One of the options for submitting an application is to contact the MFC. However, only real estate can be registered through the center. Other types of property (car, securities) are subject to registration with the relevant organizations (traffic police, joint stock company).

Is it possible to make a will at home?

Yes. The law does not prohibit calling a notary to your home . Especially if a person is sick and finds it difficult to move independently.

Identification and verification of his legal capacity takes place at the place of residence. All necessary data is entered into the register of inheritance cases (Order of the Ministry of Justice dated April 16, 2014 No. 78).

The only difference is the cost of notary services. The amount increases by 1.5 times the base rate (Article 333.25 of the Tax Code of the Russian Federation).

Registration fee

By law, the execution of a will provides for only one item of expense - payment of a fee for the implementation of notary services. Citizens making a testamentary disposition in a financial institution or expressing their last will under life-threatening circumstances are not affected by this obligation.
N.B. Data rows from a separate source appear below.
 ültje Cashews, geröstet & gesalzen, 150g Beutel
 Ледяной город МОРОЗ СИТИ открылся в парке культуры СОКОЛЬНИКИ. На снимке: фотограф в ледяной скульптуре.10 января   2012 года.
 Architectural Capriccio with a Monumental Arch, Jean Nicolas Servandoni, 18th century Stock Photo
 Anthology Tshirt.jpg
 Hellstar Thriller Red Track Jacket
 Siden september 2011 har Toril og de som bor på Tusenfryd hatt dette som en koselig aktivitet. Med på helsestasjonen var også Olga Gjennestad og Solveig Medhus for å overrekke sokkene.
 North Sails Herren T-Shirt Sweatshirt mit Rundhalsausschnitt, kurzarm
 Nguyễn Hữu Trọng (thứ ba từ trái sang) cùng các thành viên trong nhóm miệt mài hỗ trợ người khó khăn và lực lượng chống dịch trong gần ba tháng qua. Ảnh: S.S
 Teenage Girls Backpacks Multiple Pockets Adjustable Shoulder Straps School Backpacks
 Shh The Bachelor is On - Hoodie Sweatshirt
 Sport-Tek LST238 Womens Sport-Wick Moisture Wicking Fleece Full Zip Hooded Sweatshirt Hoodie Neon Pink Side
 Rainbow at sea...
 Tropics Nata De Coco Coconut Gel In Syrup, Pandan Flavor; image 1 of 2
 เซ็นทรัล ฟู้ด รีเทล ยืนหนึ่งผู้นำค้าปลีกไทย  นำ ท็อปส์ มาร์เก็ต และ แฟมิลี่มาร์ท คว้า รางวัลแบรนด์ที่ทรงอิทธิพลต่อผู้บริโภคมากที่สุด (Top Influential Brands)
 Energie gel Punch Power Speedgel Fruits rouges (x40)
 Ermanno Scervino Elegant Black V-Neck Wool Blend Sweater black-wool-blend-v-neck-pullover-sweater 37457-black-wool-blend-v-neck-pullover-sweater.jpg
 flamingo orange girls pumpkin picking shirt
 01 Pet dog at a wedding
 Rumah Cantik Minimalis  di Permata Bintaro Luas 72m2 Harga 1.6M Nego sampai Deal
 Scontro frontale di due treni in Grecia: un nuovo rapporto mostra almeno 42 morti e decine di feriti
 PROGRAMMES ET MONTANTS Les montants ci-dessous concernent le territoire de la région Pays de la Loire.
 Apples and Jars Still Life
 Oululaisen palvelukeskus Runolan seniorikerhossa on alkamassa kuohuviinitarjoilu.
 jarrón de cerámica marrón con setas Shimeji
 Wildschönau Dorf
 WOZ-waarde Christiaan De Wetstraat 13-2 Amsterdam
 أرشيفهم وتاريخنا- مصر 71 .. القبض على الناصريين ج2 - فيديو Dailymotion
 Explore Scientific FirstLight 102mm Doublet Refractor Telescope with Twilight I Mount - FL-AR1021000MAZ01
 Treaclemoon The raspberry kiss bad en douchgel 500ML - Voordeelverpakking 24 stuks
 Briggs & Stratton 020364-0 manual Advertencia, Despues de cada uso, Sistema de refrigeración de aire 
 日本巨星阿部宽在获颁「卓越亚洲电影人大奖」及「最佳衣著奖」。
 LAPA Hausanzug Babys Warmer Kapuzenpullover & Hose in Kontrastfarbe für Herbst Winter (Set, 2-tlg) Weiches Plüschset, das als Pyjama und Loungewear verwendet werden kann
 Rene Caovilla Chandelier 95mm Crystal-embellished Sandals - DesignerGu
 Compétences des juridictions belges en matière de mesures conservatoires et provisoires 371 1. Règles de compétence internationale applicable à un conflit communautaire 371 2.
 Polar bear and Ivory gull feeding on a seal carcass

And for certification of inheritance transactions of open or closed form, the compiler will have to pay the amount established by clause 13 of Art. 333.24. Tax Code of the Russian Federation, in the amount of 100 rubles.

How to write a will for an apartment correctly

When drawing up an administrative document, you need to take into account the legal requirements:

  1. Will form . The document is drawn up exclusively in writing. Oral transactions regarding inheritance are considered invalid.
  2. Notarization of a document . Moreover, 1 sample remains with the notary, and 2 is given to the testator.
  3. Purposefulness and clarity of the will of the testator . When reading the document, it should be clear that the citizen is transferring property to beneficiaries in the event of his death.

The administrative document must contain:

  • place, date of compilation;
  • Title of the document;
  • citizen registration address;
  • passport details (series, number, date of issue);
  • information about the testator;
  • the essence of the order;
  • list of property to be signed off (location);
  • list of applicants (full name, registration addresses);
  • designation of the shares of property that are due to the heirs;
  • document number (for notary forms);
  • link to familiarize yourself with the text of the document;
  • proof of payment of state duty;
  • signature of the testator, transcript of his surname.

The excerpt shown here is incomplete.